[0:10]Okay, so now turning our attention to the Masson's Trichrome stain, looking at this first slide here, this is a section of tongue. And we can see there's some really nice red skeletal muscle here. We can even see some striations. The nuclei are beautifully demonstrated, they've got that nice uh dark, almost black red color um that is clear. If we go further into the connective tissue, we can see the blue is especially vibrant and again, those nuclei are standing out really nice and dark in contrast to the surrounding collagen fibers. Moving up to the surface of the tongue here within the epithelium, those keratinocytes are staining up also very vibrantly. So just bear in mind that both muscle and keratin within epithelial tissue does stain up quite similar with the Masson's red. So this is a an example of the good level of staining that you'd expect to see. Uh, it appears this has also been post-fixed in the picric acid and that is certainly advantageous to achieve a more complete or even staining or um, sorry, fixation initially within the tissue. And that more even fixation is resulting in a more uh, uniform staining of the of the tissue. So, what can go wrong? Well, one of the things that occasionally goes wrong, and it can happen, I guess, for a number of reasons, and I've never actually sat down to identify what point this occurs. But certainly, it's very clear that there is a problem when we end up with nuclei that look bright red. In fact, they're not turning out as red on the screen, but down the eye pieces, I can see that these nuclei within the connective tissue now, they are at a, well, they they're actually quite red, believe me. And so, that is generally a consequence of the hematoxylin having been exposed to conditions uh that are acidic. Now, the potential sources of that, maybe the slide was not blue after being stained with the hematoxylin, that's one possibility, and I suspect in many cases that that is the the source of the um, of the red staining. Here we've got some nerve bundles, and they are actually showing it quite clearly through there as well.
[2:59]So, um, yeah, most likely the hematoxylin wasn't blue, but I think another potential cause of the red color is if there has been difficulties in differentiating out the Masson's red with using the PMA. Because the PMA is acidic, then potentially that it that longer exposure to more acidic conditions could potentially revert the color of those nuclei back to that more red color. Is it a big issue? Well, not really in terms of the overall quality of the stain.

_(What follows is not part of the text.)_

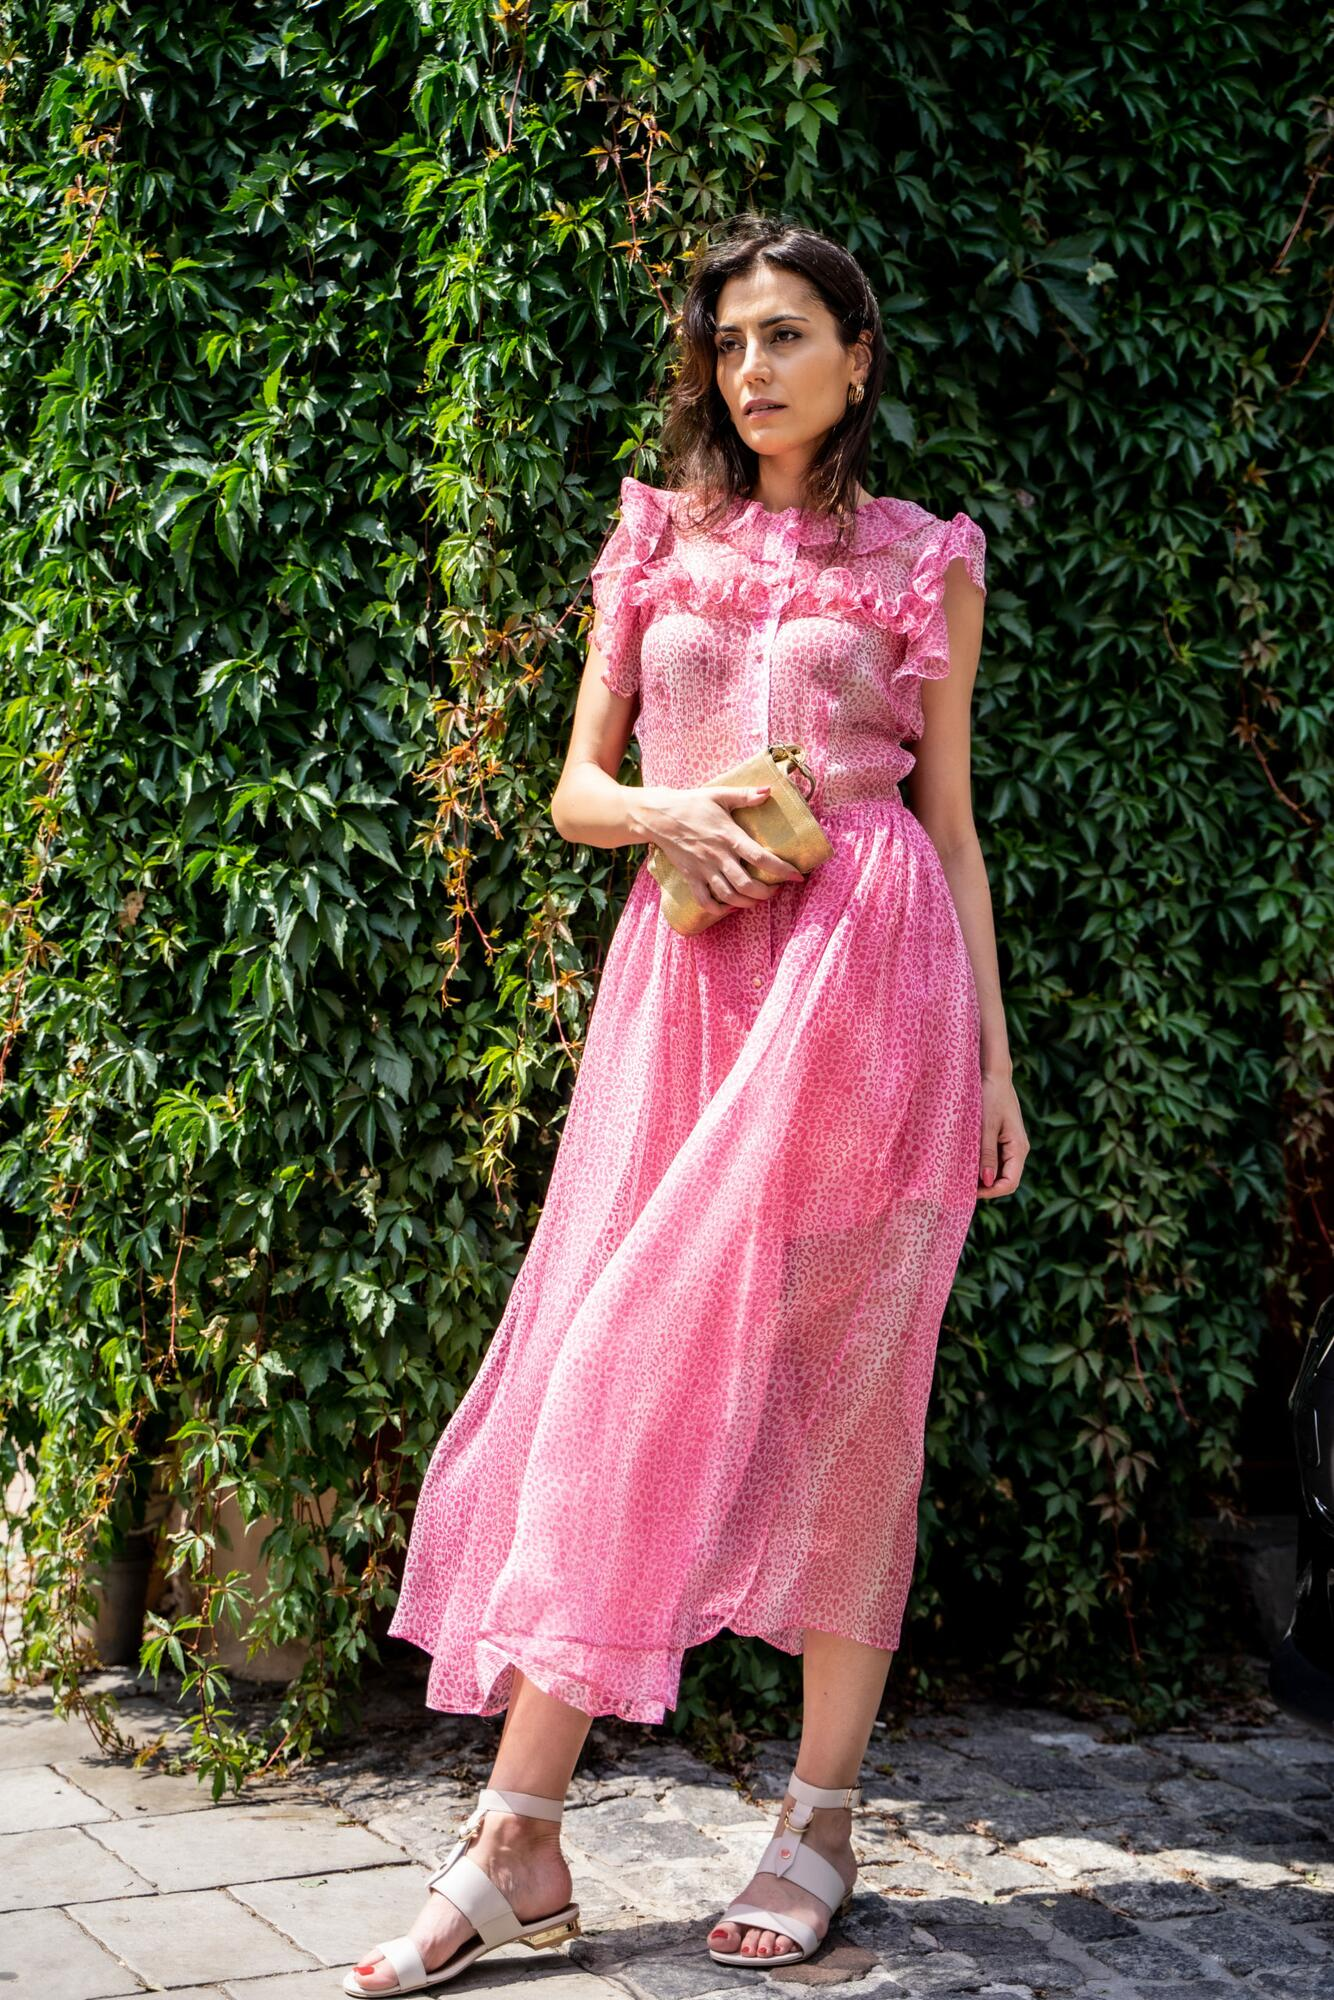 Sukienka jedwabna LAGUNA ROSA - kod rabatowy - SYLVIA DARA SYLWIA DYDA | JestemSlow.pl

[3:39]We can see there's excellent staining of the collagen surrounding those nerve bundles there, the the epinurium layers. Uh, the the muscle is also nice and red here. Some of these nuclei through here, probably a few fibroblasts and so on, they're actually not too bad as well. It's just that in those areas where I'm um looking to study the nuclei more clearly, I can see that uh there's a there's a definite lighter color compared to the nuclei that we'd normally expect as was shown in that in that first example. Okay. So I think the general take home message from that, again, it's the same for all the trichromes. Uh, just the one dip in the acid alcohol and one dip only back into the water bath to really ensure that the appropriate level of staining is there to begin with, and then make sure that you do blue it. So blueing is not just for for doing a H and E. It's not just for a PAS with your Mayor's hematoxylin. You also technically blue, although it ends up kind of black, for when you're doing trichromes as well. Now, the other problem that can occur occasionally with doing the trichromes is because you're adding your various stains in in um, in sequential order. Um, you can sometimes accidentally result in more of the methyl blue entering the the areas of muscle or in fact even the keratin.
[5:10]So the overall appearance of the the muscle in this particular slide of tongue is uh more of a kind of a purple color. So if you look back to what we saw earlier in the preceding slides, where the muscle was a nice definite red or even burgundy, but here we've got the the layers um here of well, these areas of skeletal muscle uh quite blue. In fact, if we look on the edge here, this particular fiber seems to have a lot of methyl blue that's that's leeching into it. So, what could have caused that? Well, if we think back to the mechanism of staining with these trichromes, even though there's a difference in the relative molecular weight and porosity, if you leave the stain on for too long, the extra time will actually enable some of that methyl blue to penetrate into the into the muscle and to displace that mixture of red dyes that are that are present. So that's what I believe has occurred on this occasion and it's resulting in this more purple color of the um the the skeletal muscle. So, does this slide have diagnostic value? Well, of course it does. You can still clearly see the collagen really nicely. It certainly doesn't prevent it from having value. And even up here in the keratin layers, we can see that the keratin is quite clearly distinguishable from the collagen. It's just one of those minor technical things uh that can be mastered, and um, because we know that you can do it, it's another area that we look for when when we're marking.